### What needs to be done:
From the data below, repeat exactly the lines from the line with "Ein Schwarm Fische" to the line with "De Rudolph mit", both included.

[Saved data entries]

━━━━━━━━━━━━━━━━━━━━━━━━━━━━━━

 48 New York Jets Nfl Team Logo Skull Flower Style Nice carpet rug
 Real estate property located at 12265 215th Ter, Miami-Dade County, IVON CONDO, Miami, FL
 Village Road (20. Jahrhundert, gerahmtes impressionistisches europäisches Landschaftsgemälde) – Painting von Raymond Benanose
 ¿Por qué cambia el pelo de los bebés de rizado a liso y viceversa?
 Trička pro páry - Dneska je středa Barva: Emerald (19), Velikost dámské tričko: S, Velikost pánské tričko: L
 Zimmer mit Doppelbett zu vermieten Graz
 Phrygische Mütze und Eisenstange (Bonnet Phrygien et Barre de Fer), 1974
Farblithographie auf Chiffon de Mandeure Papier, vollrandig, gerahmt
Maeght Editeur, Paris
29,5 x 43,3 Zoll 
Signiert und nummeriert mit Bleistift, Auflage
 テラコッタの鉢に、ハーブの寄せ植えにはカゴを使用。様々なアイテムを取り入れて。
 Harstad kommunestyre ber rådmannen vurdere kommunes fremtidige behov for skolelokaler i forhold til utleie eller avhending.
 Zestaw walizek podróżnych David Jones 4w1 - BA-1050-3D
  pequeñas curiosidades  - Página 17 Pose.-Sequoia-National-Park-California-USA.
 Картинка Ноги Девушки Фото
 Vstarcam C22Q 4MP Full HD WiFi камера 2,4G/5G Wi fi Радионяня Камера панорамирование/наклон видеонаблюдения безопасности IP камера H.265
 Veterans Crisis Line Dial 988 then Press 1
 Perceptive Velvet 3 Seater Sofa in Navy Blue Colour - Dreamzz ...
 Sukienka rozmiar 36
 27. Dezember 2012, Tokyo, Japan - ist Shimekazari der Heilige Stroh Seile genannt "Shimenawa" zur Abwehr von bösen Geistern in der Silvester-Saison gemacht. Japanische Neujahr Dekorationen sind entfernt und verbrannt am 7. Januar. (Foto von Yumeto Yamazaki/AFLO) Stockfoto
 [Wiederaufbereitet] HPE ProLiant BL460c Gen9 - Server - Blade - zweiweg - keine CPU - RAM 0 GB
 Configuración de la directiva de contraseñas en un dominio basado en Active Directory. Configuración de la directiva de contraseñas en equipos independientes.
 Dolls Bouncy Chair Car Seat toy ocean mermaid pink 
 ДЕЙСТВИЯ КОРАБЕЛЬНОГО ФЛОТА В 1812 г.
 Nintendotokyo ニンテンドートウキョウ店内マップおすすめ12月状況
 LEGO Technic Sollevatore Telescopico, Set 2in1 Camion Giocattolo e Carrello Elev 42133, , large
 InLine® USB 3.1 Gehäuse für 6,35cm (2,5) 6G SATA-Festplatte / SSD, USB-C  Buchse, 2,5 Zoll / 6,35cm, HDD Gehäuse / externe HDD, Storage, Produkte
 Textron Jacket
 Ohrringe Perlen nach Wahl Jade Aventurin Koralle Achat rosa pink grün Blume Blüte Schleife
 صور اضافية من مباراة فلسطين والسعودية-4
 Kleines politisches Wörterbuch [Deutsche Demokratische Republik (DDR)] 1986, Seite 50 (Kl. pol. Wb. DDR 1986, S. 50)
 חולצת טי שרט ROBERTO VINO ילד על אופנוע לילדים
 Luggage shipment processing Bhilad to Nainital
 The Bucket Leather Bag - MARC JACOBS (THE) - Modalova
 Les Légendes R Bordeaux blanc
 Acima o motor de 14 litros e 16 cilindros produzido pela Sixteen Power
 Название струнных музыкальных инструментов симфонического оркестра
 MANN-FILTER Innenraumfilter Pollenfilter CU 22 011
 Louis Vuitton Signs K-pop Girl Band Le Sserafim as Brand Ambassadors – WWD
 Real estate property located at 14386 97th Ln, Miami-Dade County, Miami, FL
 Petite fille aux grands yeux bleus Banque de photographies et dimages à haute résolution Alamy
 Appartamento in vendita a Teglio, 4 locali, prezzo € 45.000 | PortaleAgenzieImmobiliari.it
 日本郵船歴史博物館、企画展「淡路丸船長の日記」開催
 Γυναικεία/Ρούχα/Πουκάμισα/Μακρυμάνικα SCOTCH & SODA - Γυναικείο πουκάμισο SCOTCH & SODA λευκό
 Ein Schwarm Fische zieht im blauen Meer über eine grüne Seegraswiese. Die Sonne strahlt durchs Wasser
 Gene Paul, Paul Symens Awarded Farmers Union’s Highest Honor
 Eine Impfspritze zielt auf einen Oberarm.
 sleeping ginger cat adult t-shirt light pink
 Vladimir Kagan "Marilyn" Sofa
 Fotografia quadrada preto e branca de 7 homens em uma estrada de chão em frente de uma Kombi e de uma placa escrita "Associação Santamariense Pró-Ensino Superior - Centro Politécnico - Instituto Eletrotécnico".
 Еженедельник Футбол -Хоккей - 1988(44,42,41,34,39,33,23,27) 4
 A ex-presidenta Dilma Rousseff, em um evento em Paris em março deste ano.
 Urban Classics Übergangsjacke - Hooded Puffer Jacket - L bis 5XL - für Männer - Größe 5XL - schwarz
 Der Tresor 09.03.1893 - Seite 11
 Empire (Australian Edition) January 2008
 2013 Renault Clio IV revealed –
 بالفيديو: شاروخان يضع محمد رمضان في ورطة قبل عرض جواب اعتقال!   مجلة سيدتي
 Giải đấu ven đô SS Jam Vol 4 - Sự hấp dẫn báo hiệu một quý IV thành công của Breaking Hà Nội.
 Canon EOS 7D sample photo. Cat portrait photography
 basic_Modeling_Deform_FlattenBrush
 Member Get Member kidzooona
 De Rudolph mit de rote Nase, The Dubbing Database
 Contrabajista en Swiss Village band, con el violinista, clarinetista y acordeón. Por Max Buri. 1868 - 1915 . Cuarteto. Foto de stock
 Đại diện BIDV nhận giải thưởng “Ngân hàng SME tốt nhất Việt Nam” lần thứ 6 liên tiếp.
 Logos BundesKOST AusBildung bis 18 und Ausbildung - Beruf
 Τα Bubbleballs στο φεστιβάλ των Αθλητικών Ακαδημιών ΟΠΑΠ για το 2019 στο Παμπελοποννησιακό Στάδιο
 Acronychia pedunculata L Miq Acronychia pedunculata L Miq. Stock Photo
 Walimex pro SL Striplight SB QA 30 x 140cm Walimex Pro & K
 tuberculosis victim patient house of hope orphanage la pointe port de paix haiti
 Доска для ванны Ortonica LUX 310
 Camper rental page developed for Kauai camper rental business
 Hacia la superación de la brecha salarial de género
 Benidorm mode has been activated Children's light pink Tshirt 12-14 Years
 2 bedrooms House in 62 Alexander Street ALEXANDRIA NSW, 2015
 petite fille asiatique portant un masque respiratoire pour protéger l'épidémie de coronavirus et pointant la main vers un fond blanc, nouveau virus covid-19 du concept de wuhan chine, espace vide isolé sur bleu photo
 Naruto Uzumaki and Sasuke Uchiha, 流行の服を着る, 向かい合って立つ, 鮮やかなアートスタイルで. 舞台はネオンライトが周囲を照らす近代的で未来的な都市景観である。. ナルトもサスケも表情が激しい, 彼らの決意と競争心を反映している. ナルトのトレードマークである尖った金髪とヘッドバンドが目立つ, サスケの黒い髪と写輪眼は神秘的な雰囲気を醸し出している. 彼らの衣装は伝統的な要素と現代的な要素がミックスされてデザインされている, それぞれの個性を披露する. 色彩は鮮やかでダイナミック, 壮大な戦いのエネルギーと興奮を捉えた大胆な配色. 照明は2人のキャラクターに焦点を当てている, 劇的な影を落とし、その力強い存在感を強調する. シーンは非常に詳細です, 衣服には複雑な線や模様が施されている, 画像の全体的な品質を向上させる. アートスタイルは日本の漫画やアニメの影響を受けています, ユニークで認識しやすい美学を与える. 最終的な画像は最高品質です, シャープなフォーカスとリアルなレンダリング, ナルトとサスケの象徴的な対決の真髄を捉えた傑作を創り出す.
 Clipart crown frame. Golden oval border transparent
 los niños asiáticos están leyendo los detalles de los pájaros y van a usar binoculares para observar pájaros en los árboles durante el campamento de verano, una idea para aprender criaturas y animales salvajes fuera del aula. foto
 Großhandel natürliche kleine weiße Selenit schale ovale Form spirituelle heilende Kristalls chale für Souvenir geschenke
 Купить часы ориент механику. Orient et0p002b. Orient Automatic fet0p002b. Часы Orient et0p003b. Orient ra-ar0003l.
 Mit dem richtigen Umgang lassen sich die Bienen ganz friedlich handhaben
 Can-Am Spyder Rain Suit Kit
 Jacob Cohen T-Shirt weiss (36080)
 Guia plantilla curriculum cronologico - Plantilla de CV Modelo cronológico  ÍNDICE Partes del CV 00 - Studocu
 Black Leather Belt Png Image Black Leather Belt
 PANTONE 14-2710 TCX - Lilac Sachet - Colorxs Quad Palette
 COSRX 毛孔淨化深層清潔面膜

━━━━━━━━━━━━━━━━━━━━━━━━━━━━━━

### Result:
 Ein Schwarm Fische zieht im blauen Meer über eine grüne Seegraswiese. Die Sonne strahlt durchs Wasser
 Gene Paul, Paul Symens Awarded Farmers Union’s Highest Honor
 Eine Impfspritze zielt auf einen Oberarm.
 sleeping ginger cat adult t-shirt light pink
 Vladimir Kagan "Marilyn" Sofa
 Fotografia quadrada preto e branca de 7 homens em uma estrada de chão em frente de uma Kombi e de uma placa escrita "Associação Santamariense Pró-Ensino Superior - Centro Politécnico - Instituto Eletrotécnico".
 Еженедельник Футбол -Хоккей - 1988(44,42,41,34,39,33,23,27) 4
 A ex-presidenta Dilma Rousseff, em um evento em Paris em março deste ano.
 Urban Classics Übergangsjacke - Hooded Puffer Jacket - L bis 5XL - für Männer - Größe 5XL - schwarz
 Der Tresor 09.03.1893 - Seite 11
 Empire (Australian Edition) January 2008
 2013 Renault Clio IV revealed –
 بالفيديو: شاروخان يضع محمد رمضان في ورطة قبل عرض جواب اعتقال!   مجلة سيدتي
 Giải đấu ven đô SS Jam Vol 4 - Sự hấp dẫn báo hiệu một quý IV thành công của Breaking Hà Nội.
 Canon EOS 7D sample photo. Cat portrait photography
 basic_Modeling_Deform_FlattenBrush
 Member Get Member kidzooona
 De Rudolph mit de rote Nase, The Dubbing Database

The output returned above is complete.